Remap

Remapping data from one coordinate system mesh to another can play a critical role in data science. Converting one dimensional data, image-like data in two dimensions and three dimensional mesh data into another coordinate systems can be critical in enabling certain analysis pipelines to be calculated and on a more fundamental level enable better intuitive understanding of certain phenomena. Typically we assume that data provided on a grid can be defined by the cells (bins in 1D and pixels in 2D) center and map those central positions into a new coordinate system. However, this fails to take into account the pixel’s volume (length in 1D and area in 2D) and can lead to some strange artifacts (such as empty pixels in the new coordinate mesh). A possible solution to this problem is to use interpolation however while interpolation works well for theoretically generated data, for measured data this makes the implicit assumption that data measured and binned in a cell is equivalent to the value at the cells center. In general this assumption is not hugely problematic but can lead to some issues particularly when the cells are integrated values across the cell. In magpie we take a different approach, we consider each pixels volume and map to another coordinate system mesh by taking the volume-weighted mean of overlapping pixels in the original coordinate system. This is achieved through two methods, the first uses monte carlo (MC) integration to determine the weights but for large data sets this can be slow so a second scheme approximates these weights by using a higher resolution (HR) mesh.

Theory

Remapping

Remapping data \(d\) (defined in coordinate system \(X\)) to a new coordinate system \(Y\) is calculated by taking the weighted mean,

\[\tilde{d}(Y_{j}) = \sum_{i=1}^{N}w(X_{i}, Y_{j})d(X_{i}),\]
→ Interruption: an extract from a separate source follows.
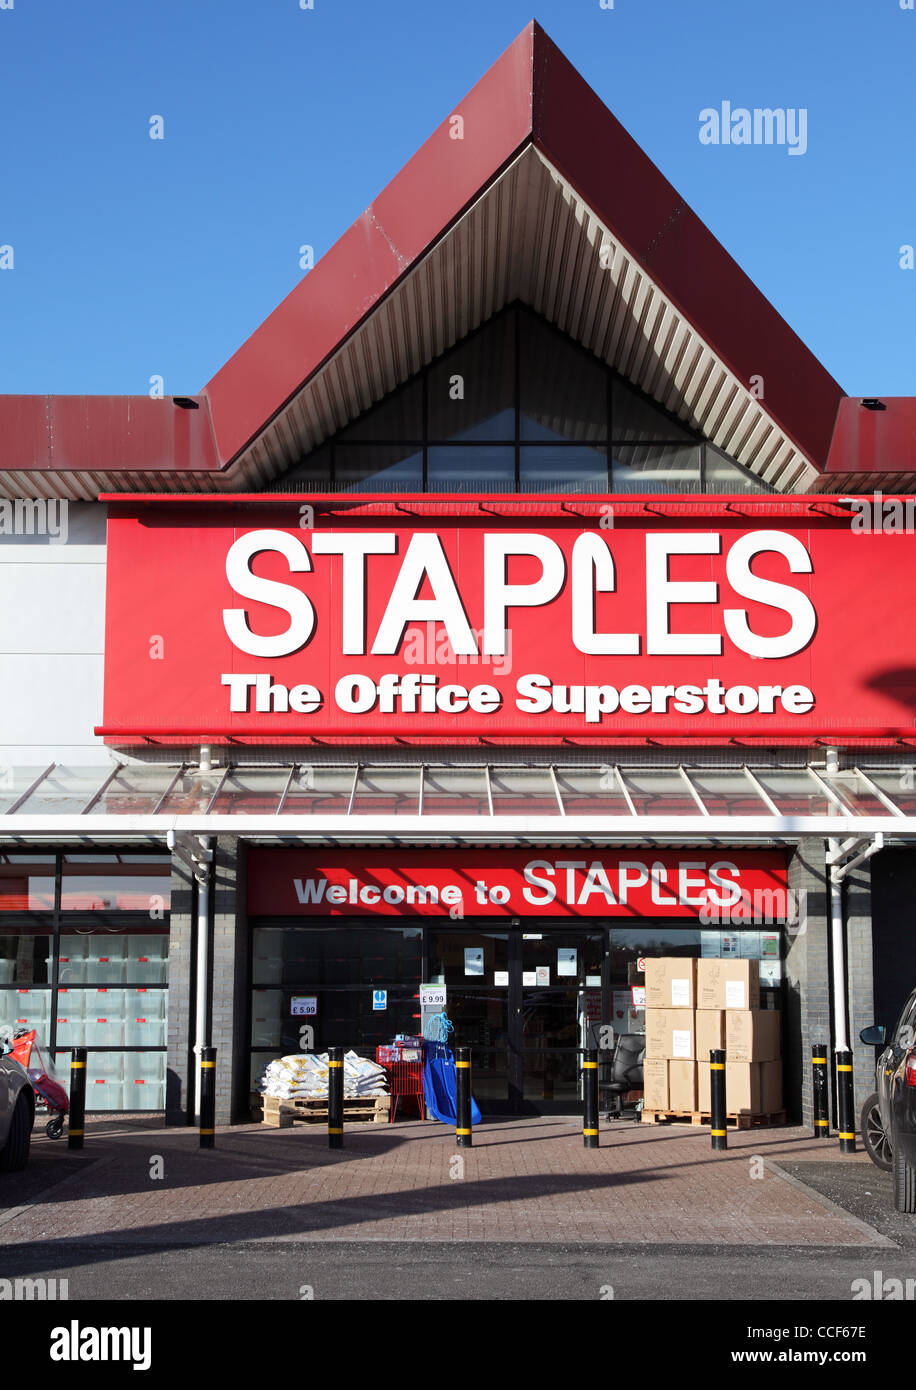 Staples office superstore, Hylton Riverside Retail Park, Sunderland, England UK Stock Photo

where \(\tilde{d}\) is \(d\) mapped onto coordinate system \(Y\) and \(i\) and \(j\) indicate pixels in \(X\) and \(Y\) respectively. The weights \(w(X, Y)\) are given by

\[w(X, Y) = \frac{A(X\cap Y)}{A(Y)},\]

where \(A(Y)\) is the area (length in 1D and volume in 3D) of pixel Y and \(A(X\cap Y)\) is the area of the overlapping region for pixels X and Y. For variance we can use propagation of errors to determine the variance on the remapped coordinate system although note we assume covariant terms are zero. The remapped variance is given by

\[\tilde{\Delta d}^{2}(Y_{j}) = \sum_{i=1}^{N}U(X_{i}, Y_{j})w^{2}(X_{i}, Y_{j})\Delta d^{2}(X_{i}).\]
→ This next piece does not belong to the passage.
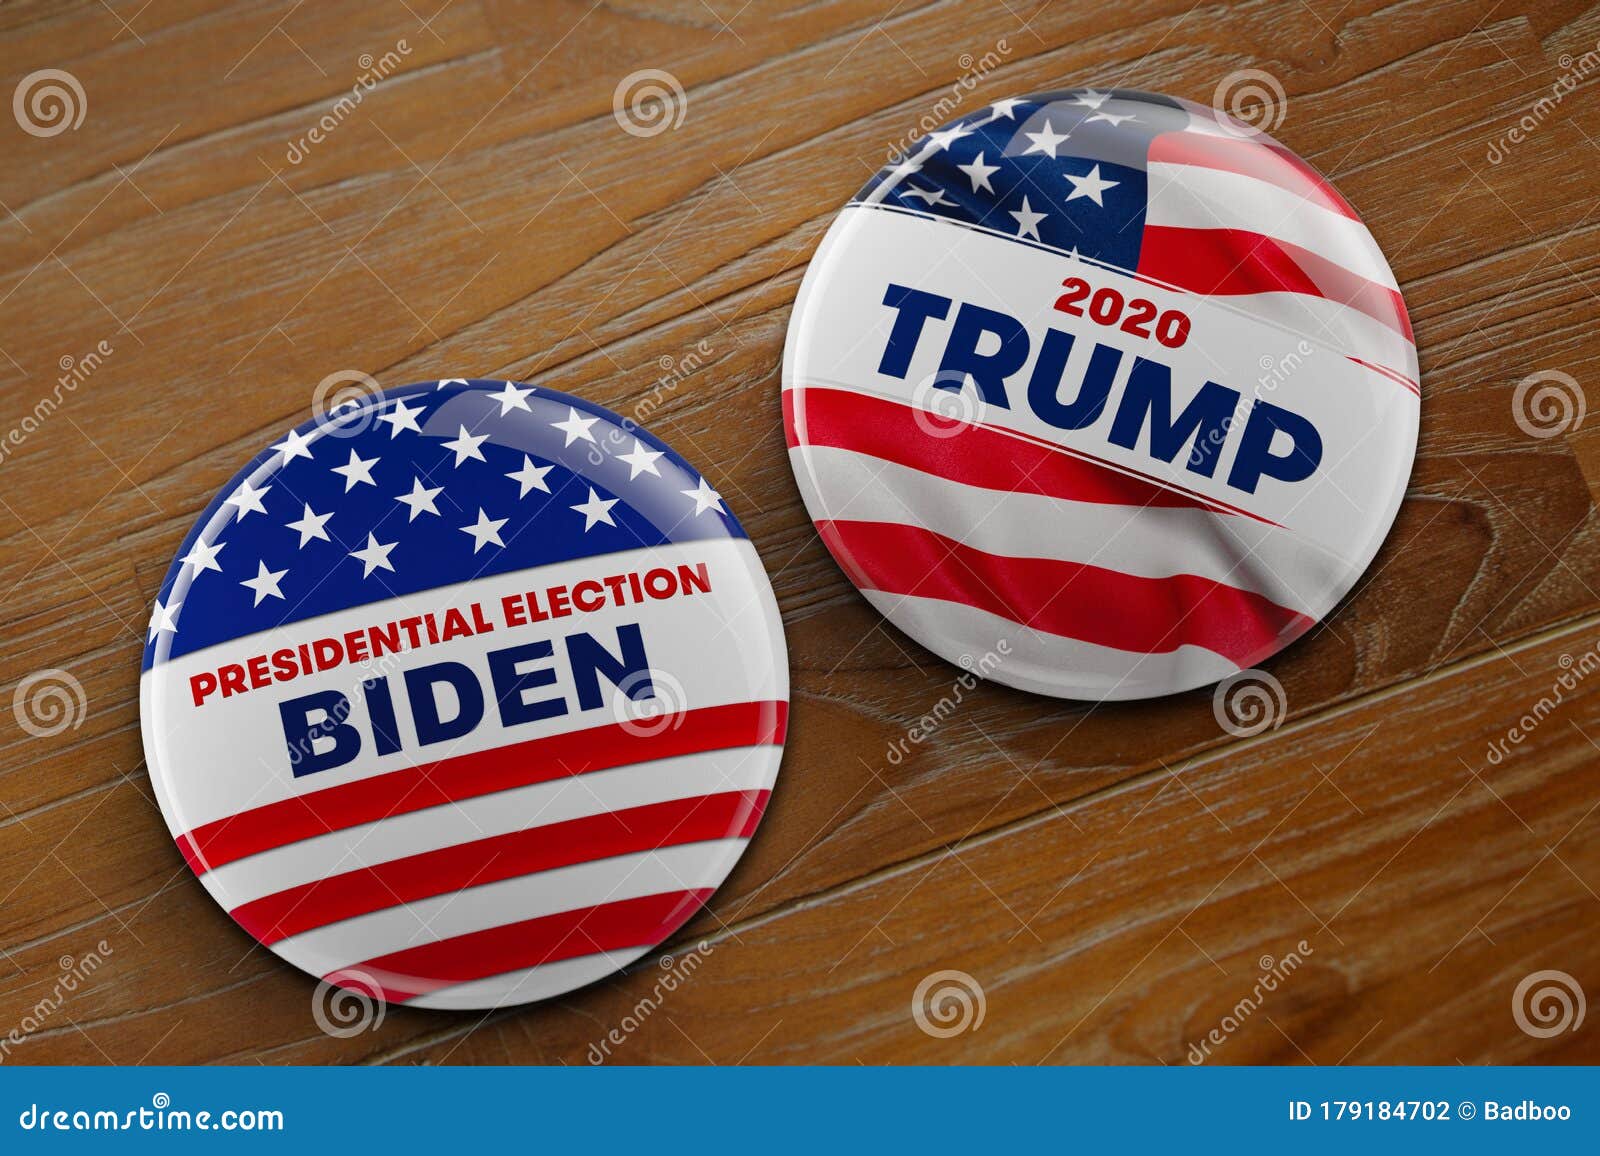 JOE BIDEN buttons badge pin 2020 Donald Trump democrat president democratic

Note, the variance for a subset of \(X\) called \(s\) is given by the relation

\[\Delta d^{2} (s) = \frac{A(s)}{A(X)}\Delta d^{2}(X),\]
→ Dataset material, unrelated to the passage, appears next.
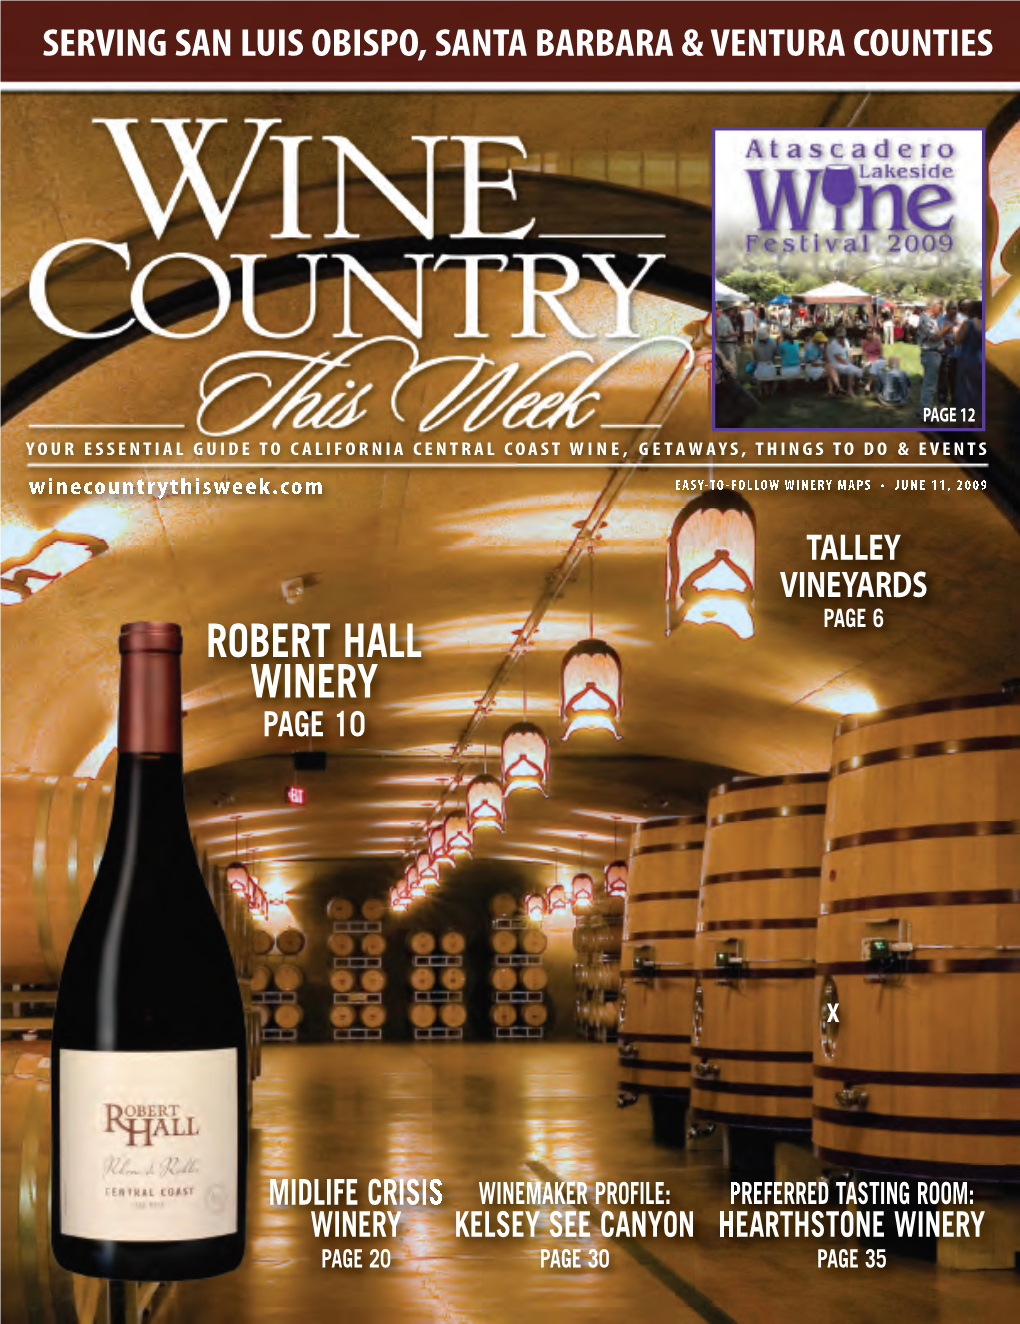 Robert Hall Winery Page 10

this assumes that the variance observed in a bin is actually the standard error on the mean for that bin. The above relation shows that dividing by the area gives a normalised variance,

\[\delta d^{2}(X) = \frac{1}{A(X)}\Delta d^{2}(X),\]

and it follows for \(\tilde{\delta d}(Y)\equiv\delta d(X)\) for constant variance that \(U(X_{i}, Y_{j})=A(X_{i})/A(Y_{j})\) which means,

\[\tilde{\Delta d}^{2}(Y_{j}) = \sum_{i=1}^{N}\frac{A(X_{i})}{A(Y_{j})}w^{2}(X_{i}, Y_{j})\Delta d^{2}(X_{i}).\]

Weight Calculation

Monte-Carlo Method

Weights are computed by monte carlo integration – random points are distributed equally in each pixel \(Y\) and the weights are simply the normalised counts which fall into pixels in \(X\).

Higher-Resolution Method

A higher resolution mesh, determined by some input integer factor \(N_{H}\), is constructed. This means for the new coordinate system \(Y\) there are \(N_{H}\) HR pixels in each of the coordinate dimensions. The weights are simply given by

\[w(X_{i}, Y_{j}) = \frac{1}{A(Y_{j})}\sum_{k=1}^{N_{H}^{D}} A(y_{k})S(y_{k}, X_{i})\]

where \(D\) is the dimension of the coordinate system, \(y\) indicates pixels in the higher resolution mesh and \(S(y_{k}, X_{i})=1\) if the pixel center for \(y\) is within \(X_{i}\) and \(0\) otherwise.